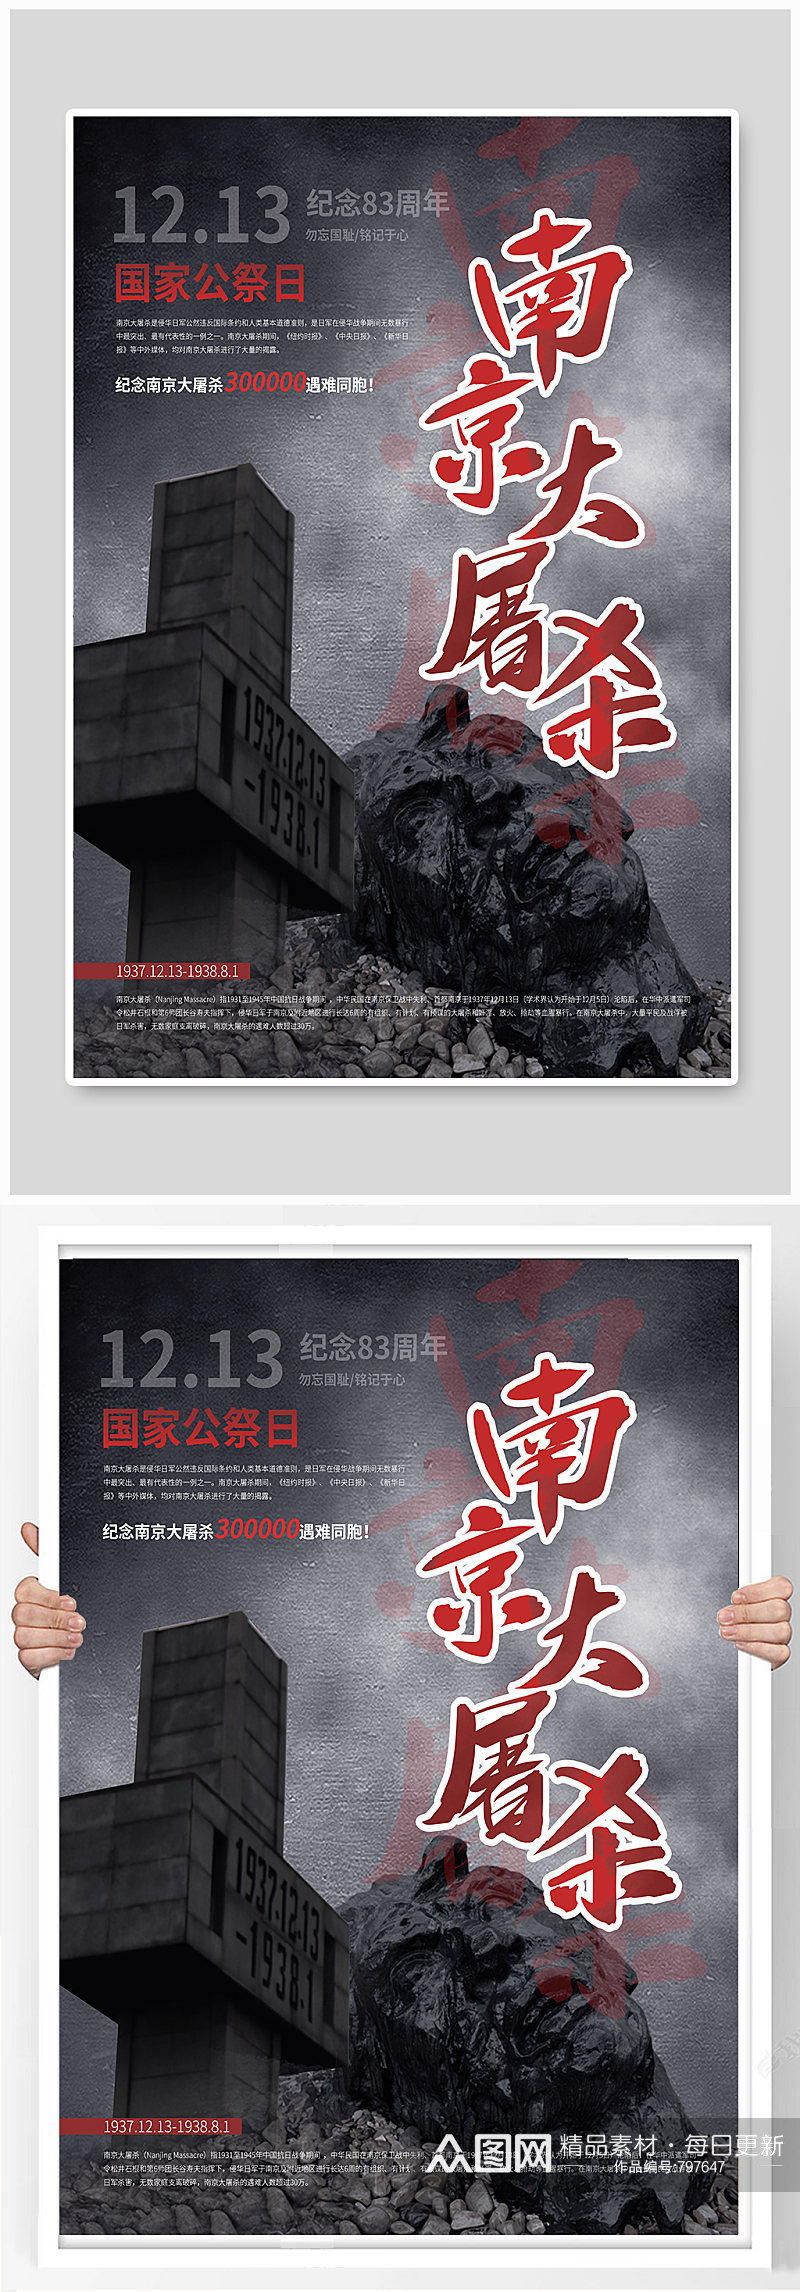 南京大屠杀83周年纪念海报素材
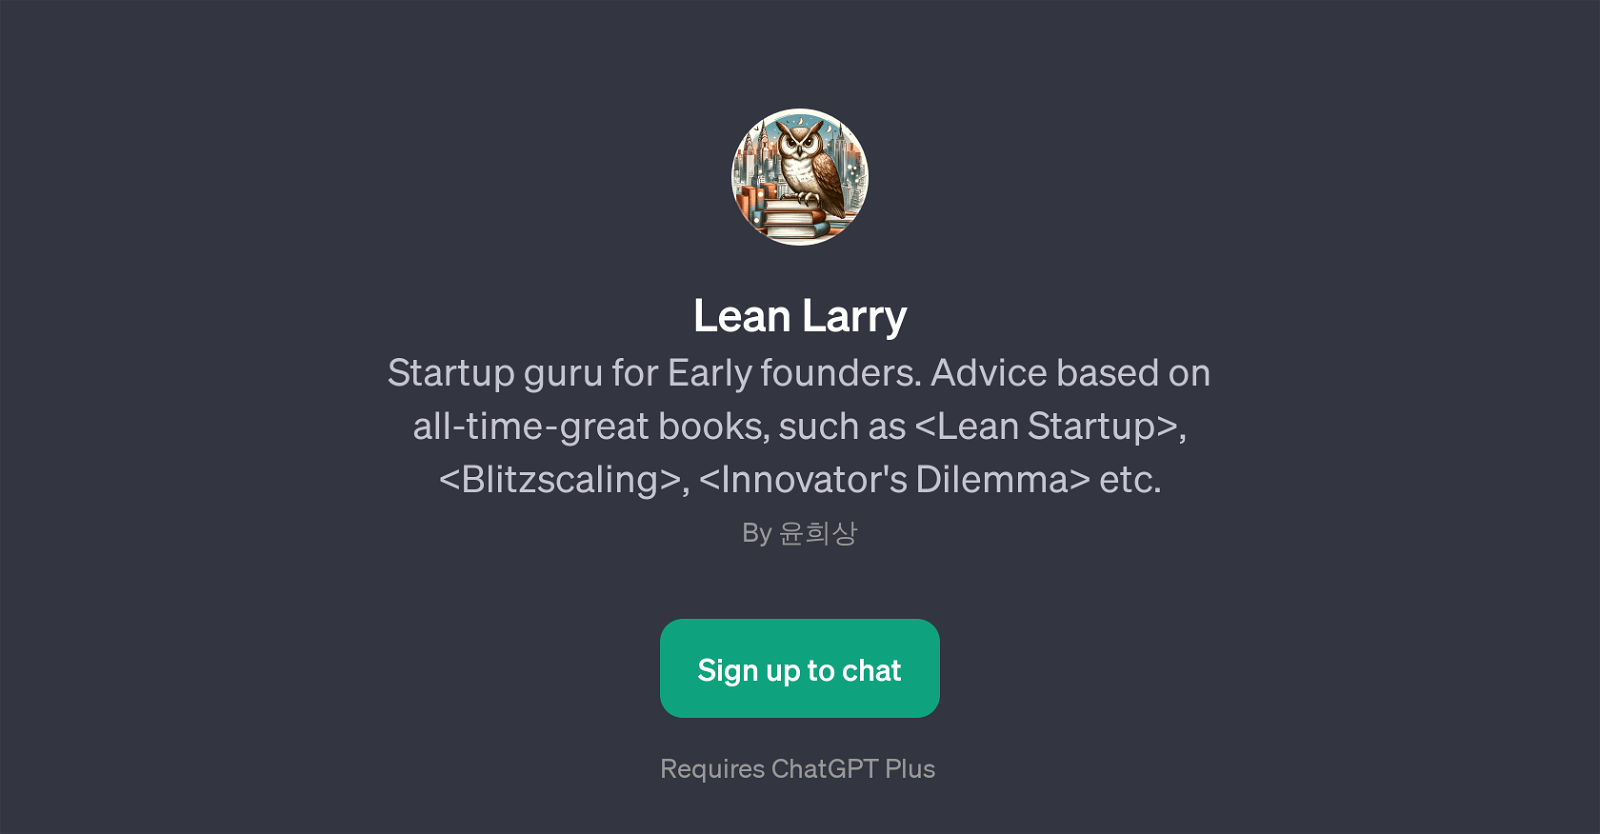 Lean Larry website
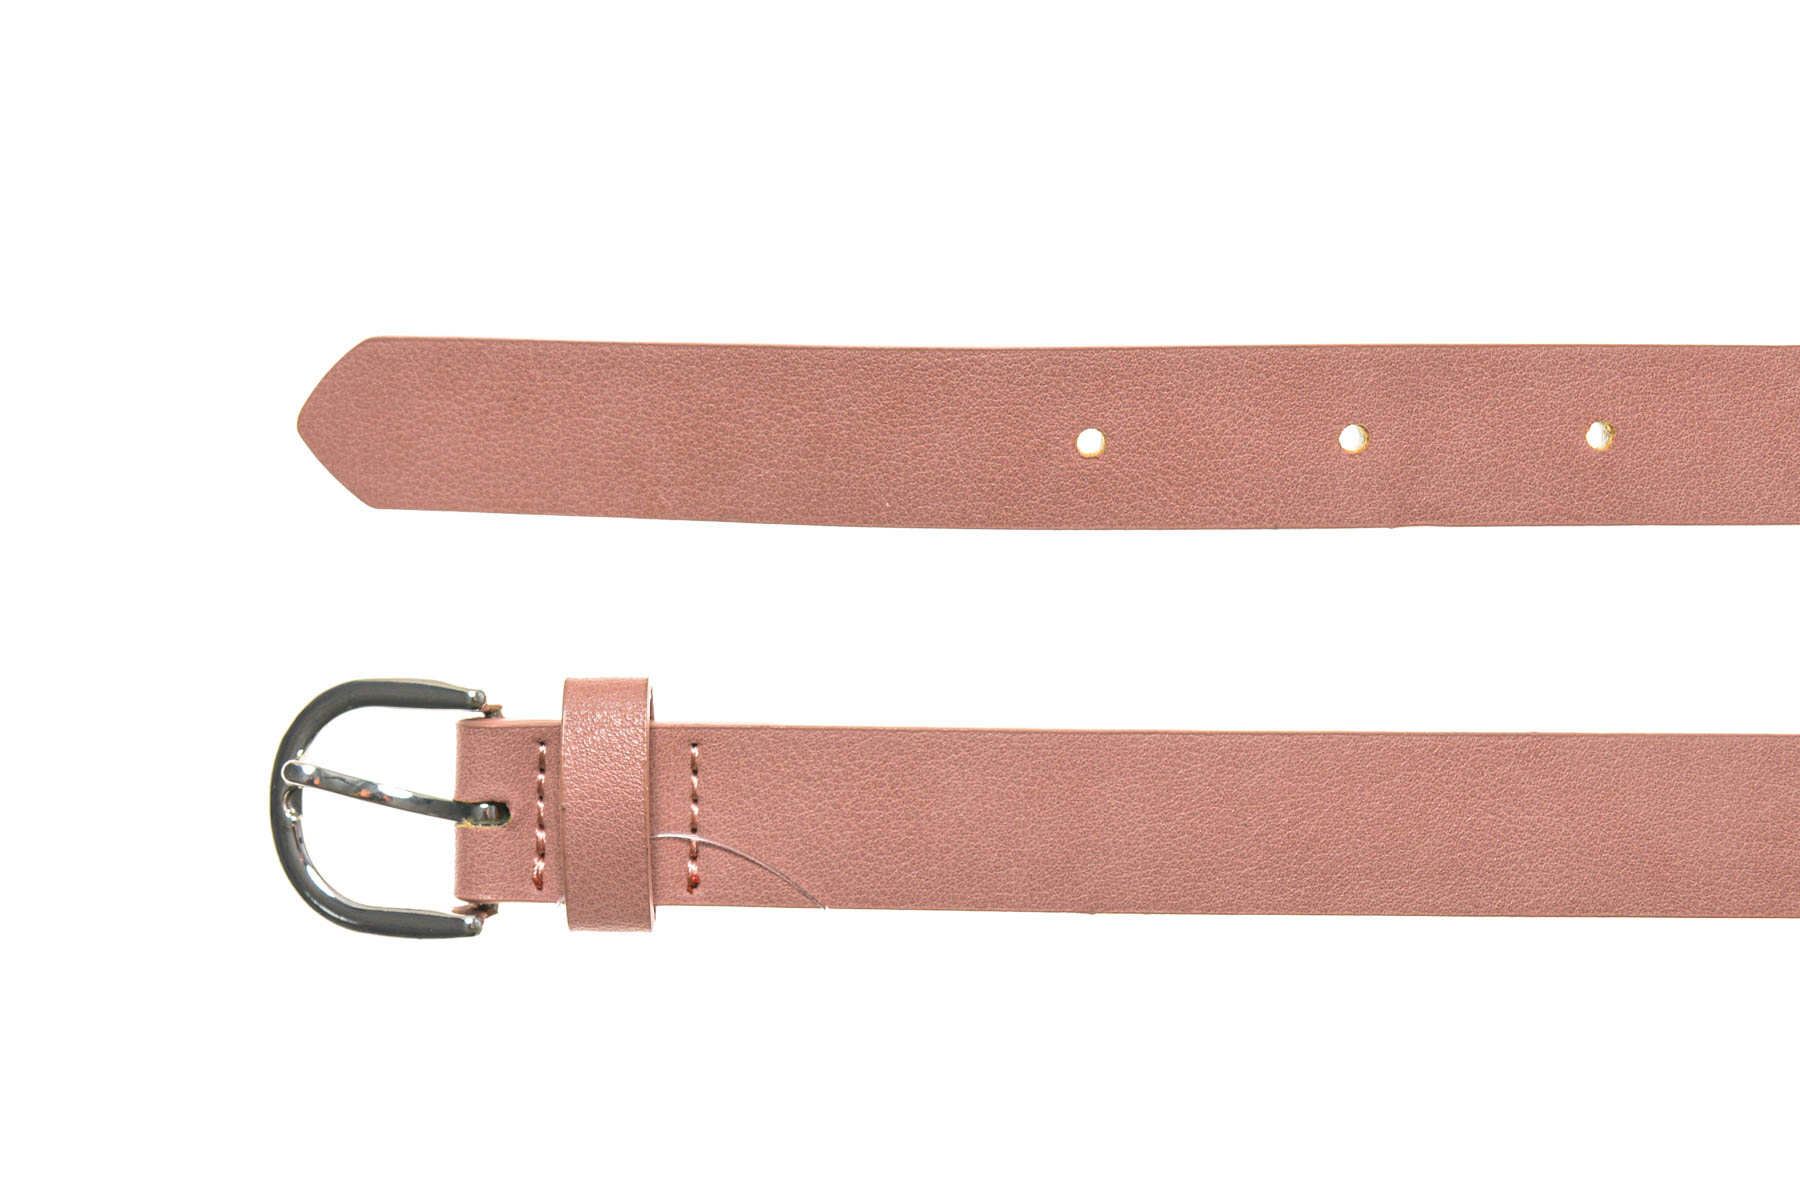 Ladies's belt - 2
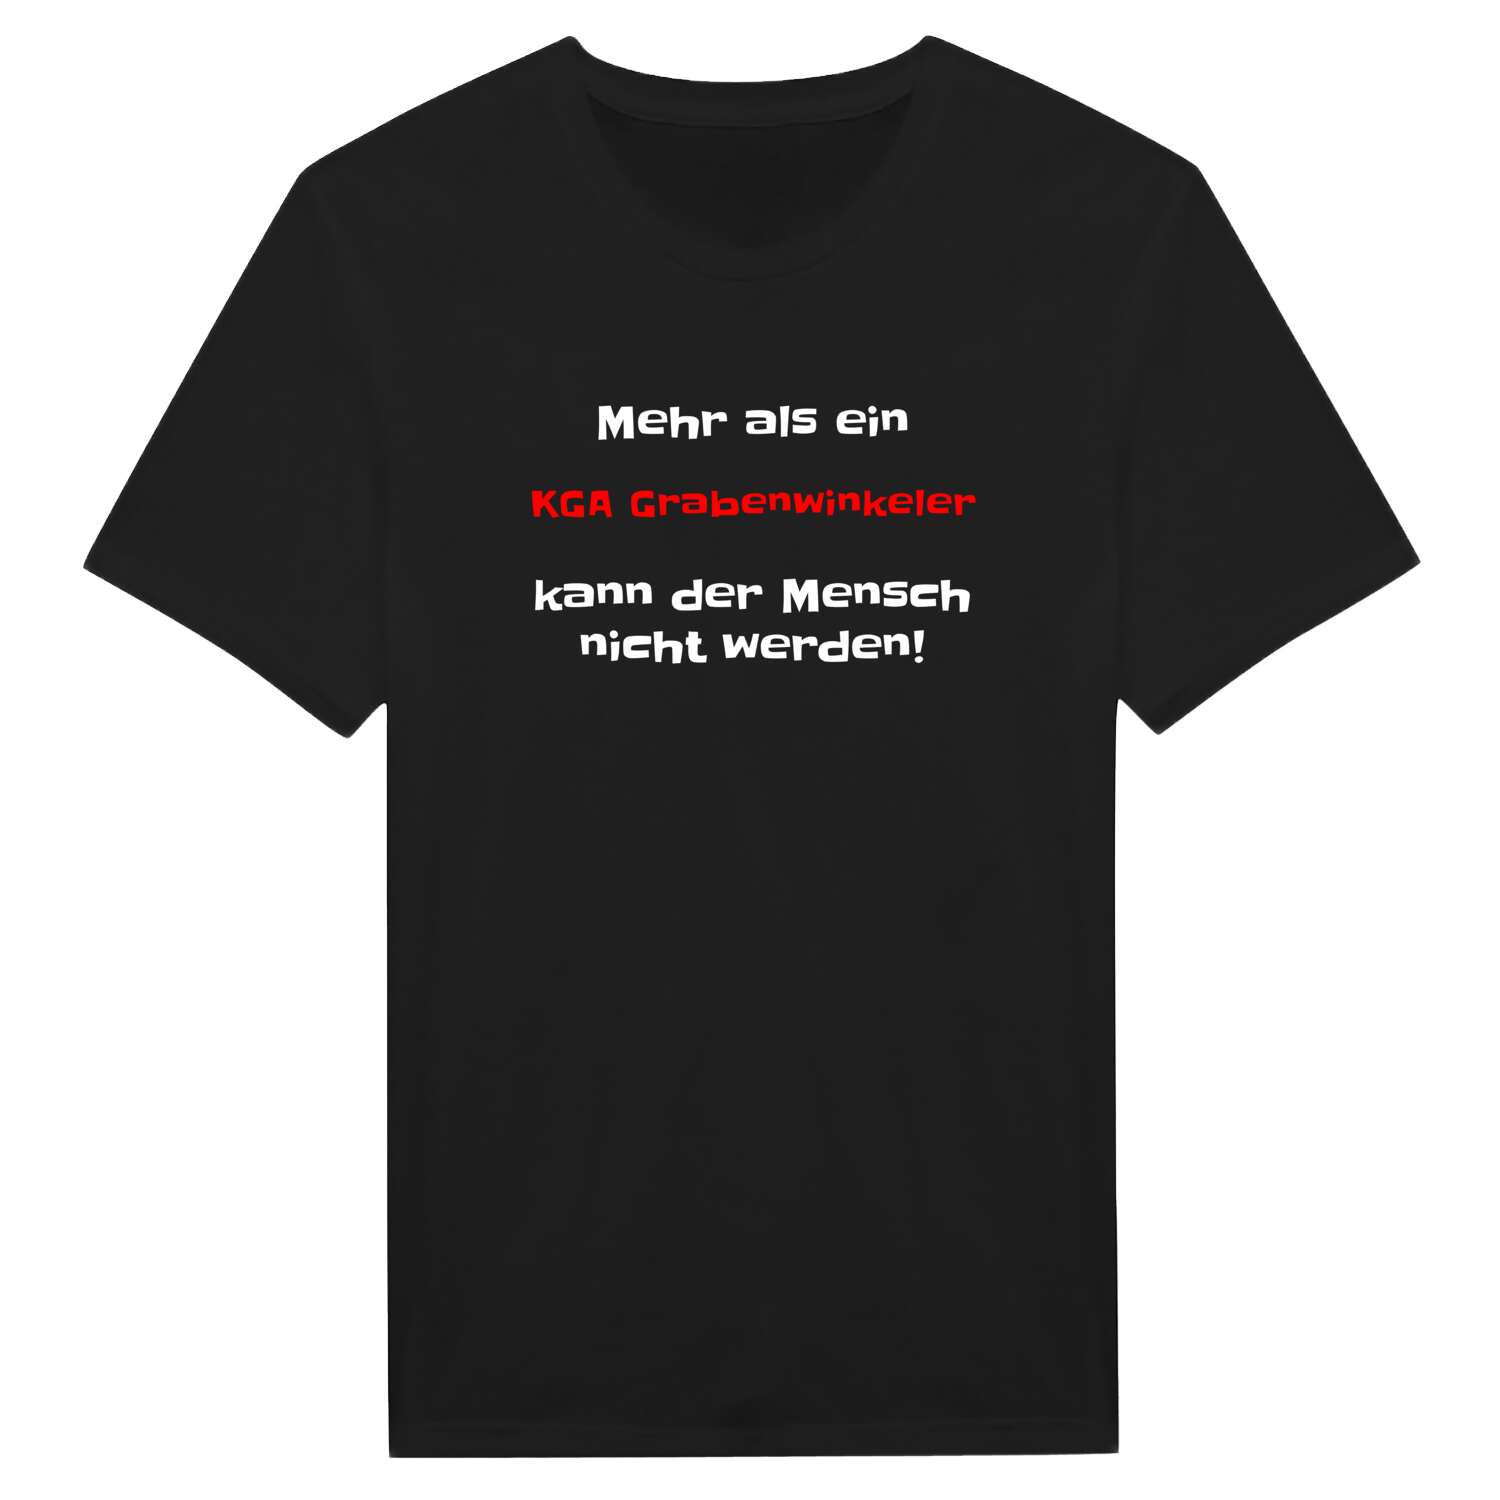 KGA Grabenwinkel T-Shirt »Mehr als ein«

TASK REQUIREMENTS:
Would you repeat each line of the listing exactly, skipping any picture?

RESULT OF THE EXERCISE:
 南京大屠杀83周年纪念海报素材
 Lean Larry website
 Ladies's belt - 2
 KGA Grabenwinkel T-Shirt »Mehr als ein«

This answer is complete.